Thinking Clearly About the Abduction Phenomenon

Part 11: Abductee Memory Problems - The Message

A common event that abductees sometimes describe is that the aliens have given them a "message." The idea of the "message" dates back to the 1950s contactees and to the society's conception of what aliens would do if they were to "make contact" with us. The "message" suggests that the aliens are trying to contact us by establishing a flow of knowledge that would in some way help or inform us. They have imparted important information to the selected person. Receiving the special knowledge makes the abductee or contactee feel "chosen" and the recipient therefore has a special connection to the aliens.

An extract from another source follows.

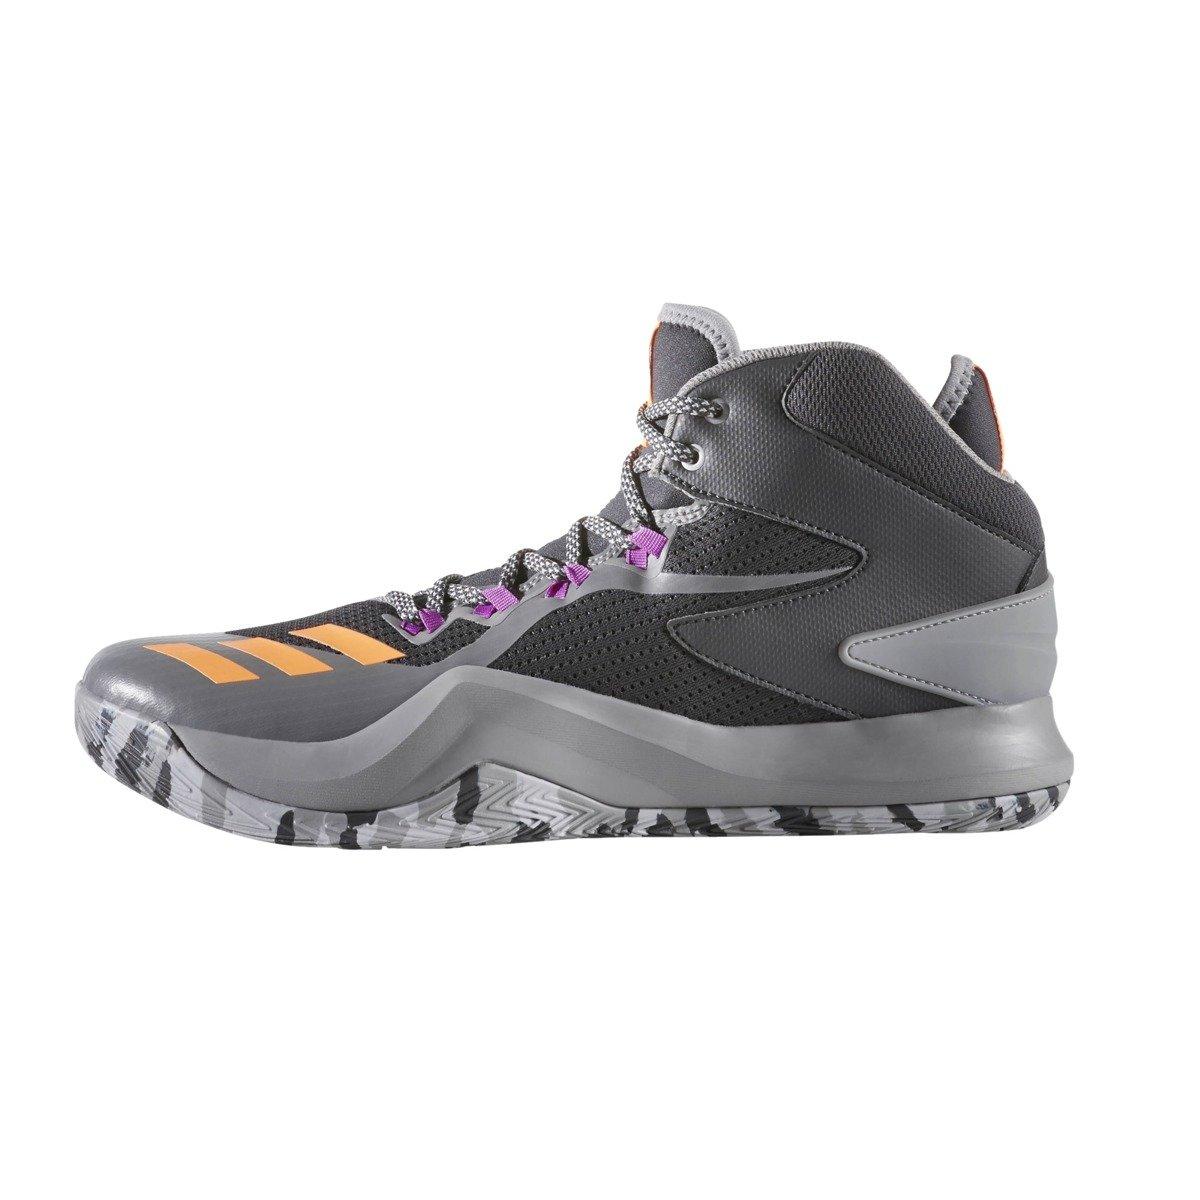 e9b44d02106a ... Adidas D Rose Dominate 4 Shoes - BB8180 ...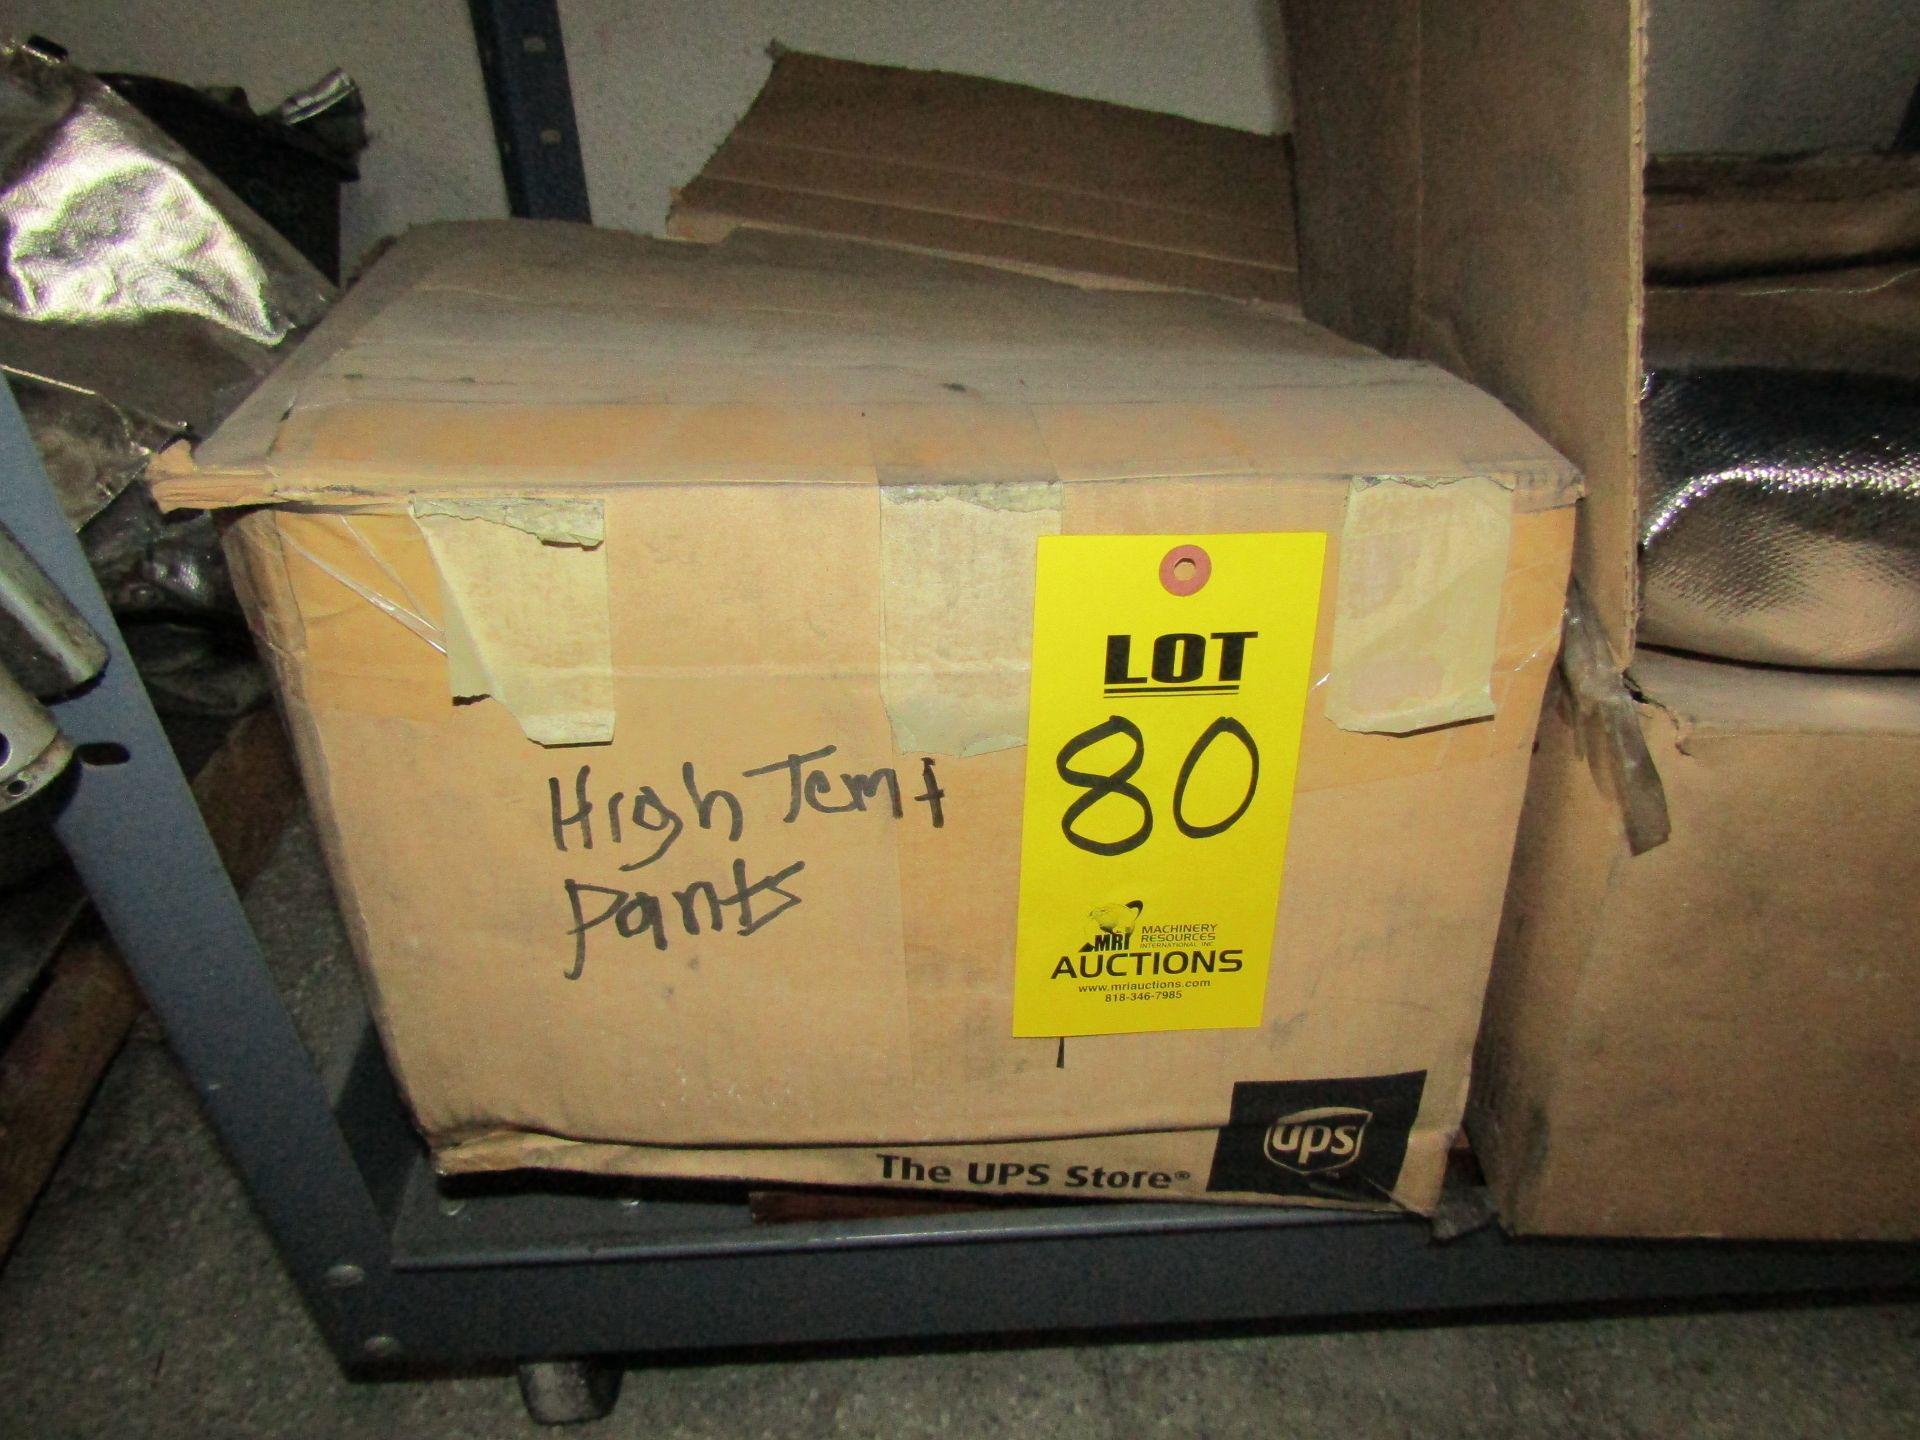 Lot 80 - Box of High Temperature Pants

One of the most important stumbling blocks in the idea of the message is that while the abductee might remember if one were given, for the most part abductees forget the vast majority of their abductions. If the hypnotist were not to investigate the event in which the message is bestowed, it is very unlikely that the abductee would spontaneously remember it and thus there would be no reason for a message.

Perhaps the most important problem with the message is the same problem as that of the aliens shielding their faces; the great number of abductions a person endures. If one has many abduction experiences during the course of his or her life, what are the chances that they would give a special message to an abductee while at the same time doing their routine abduction procedures? And, what are the chances that the hypnotist would hit upon that particular incident out of the many that the abductee has had? It is certainly within the realm of possibility, but the older the person, and the more abductions he or she has, the more unlikely it gets. Furthermore, the large numbers abductees militates against an average person being singled out from the other abductees. While it is always possible that the aliens are busily giving a message to an abductee every time he or she is abducted, this is not born out by the evidence. I have never gotten a formal message imparted to an abductee, although I have received reports of conversations which could be interpreted as a message in a very general sense.

These conversations constitute areas in which investigators must be exceptionally careful. One of the great "red flag" areas of confabulation is when abductees recount alien dialogue. When all communication is telepathic, it is easy for abductees to "hear" his or her own thoughts and think that they are coming from the alien. This can happen both in the abduction event itself and in the hypnosis session. Thus, by tapping into one's own cultural expectations of what "should" happen during an abduction, a "message" can emerge, especially if the hypnotist is naive or inexperienced and/or does not have the skills to understand the dynamics of the hypnotic session. The evidence indicates that the phenomenon is random and that the aliens do not particularly care about the average person's life or status. Messages are not part of the abduction phenomenon in any significant way.